Towards the end of 2019, the Securities and Exchange Commission (SEC) proposed an update to the definition of an accredited investor. The rule change is part of a broader “concept release” that the SEC has issued to review the exempt offering ecosystem and how this can be improved.

When the rule change was revealed, SEC Chairman Jay Clayton had this to say:

“The current test for individual accredited investor status takes a binary approach to who does and does not qualify based only a person’s income or net worth. Modernization of this approach is long overdue. The proposal would add additional means for individuals to qualify to participate in our private capital markets based on established, clear measures of financial sophistication. I also am pleased that the proposal specifically recognizes that certain organizations, such as tribal governments, should not be restricted from participating in our private capital markets.”

The current definition is purely economic. If your salary is sufficient, $200,000 for an individual, or you have $ 1 million in net worth beyond your primary residence, you qualify as accredited. If you are married, your combined salary must be $300,000. The exact language is available here, if you are interested.

A blunt tool at best, just about everyone understands that the size of a bank account is not the best metric for financial acumen. Having a sophistication qualification for individuals to empower individuals to decide for themselves whether they want to invest in a private offering, simply makes more sense in the opinion of many.

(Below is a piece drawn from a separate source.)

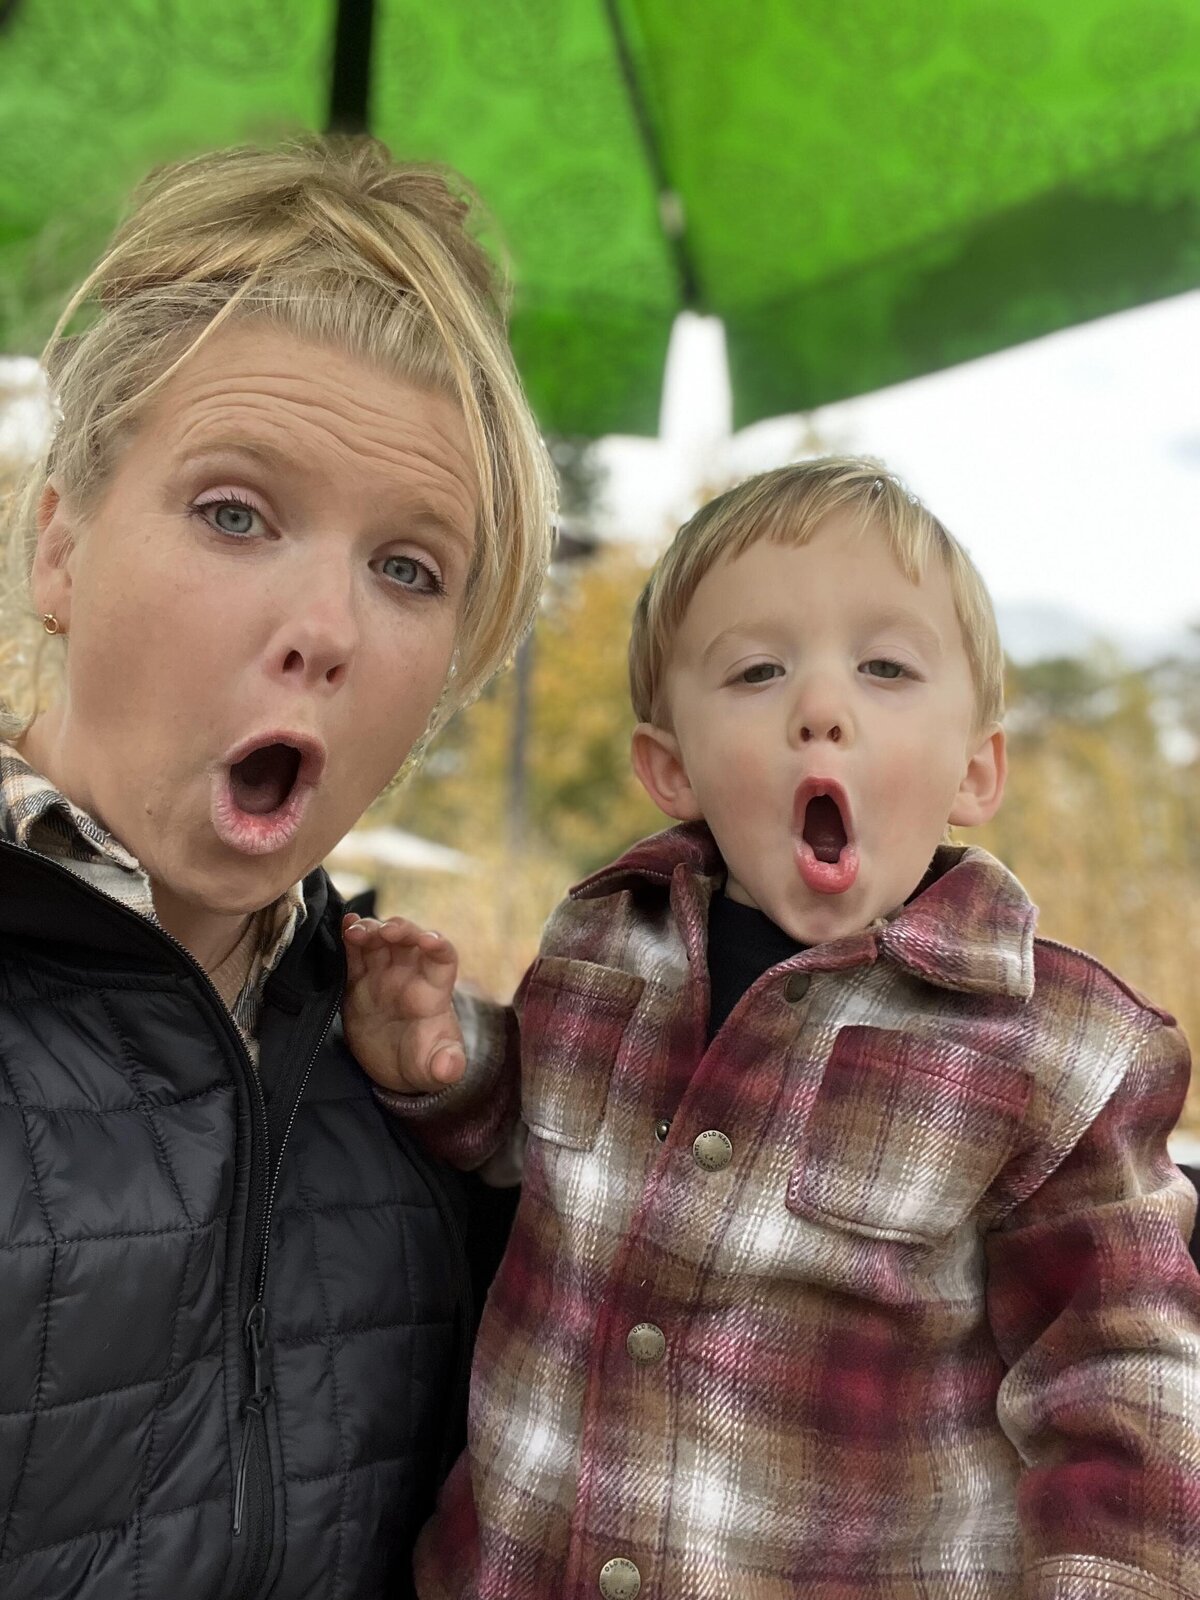 Toddler and mom make funny faces at the camera at playplace

Yes, there are outliers – individuals and organizations that believe there should be a heightened hurdle for investors to participate in private offerings under Reg  D. But many people recognize the weakness of the argument. Any investment entails an element of risk. And younger companies tend to hold a greater degree of risk than established firms. But this is where the risk v. reward paradigm kicks in.

Investors typically are willing to shoulder more risk if the reward may be greater. A better metric would be whether or not an individual completely comprehends the intrinsic risk and the potential to lose money.

Over time, as the cost to go public has steepened dramatically, the most promising firms are seeking to remain private for as long as possible. This means the opportunity to participate in these securities offerings are shuffled off to an exclusive segment of the population – typically wealthy VC firms and individuals.

So a change of the definition is in the offing but the exact language of the final amendment is pending.

Perspectives on the current proposal differ. Some believe “it still remains policy that only rich people are permitted to get rich.”

Others view the proposal as a really big deal.

It all comes down to the final wording.

After the proposed amendment was announced, a comment period was initiated for 60 days. The deadline was Monday, March 16th. While the SEC is known for letting tardy submissions slip through, the bulk of the comments are in. So what is everyone saying?

Below is a selection of the comments from various individuals sharing their perspectives on an update to the accredited investor definition – a change that may have a significant impact on private markets.

NOTICE: Due to the Coronavirus, or COVID-19, Pandemic the Commission will not take final action on an update to the definition of an accredited investor before April 24th in order to allow commenters additional time if needed.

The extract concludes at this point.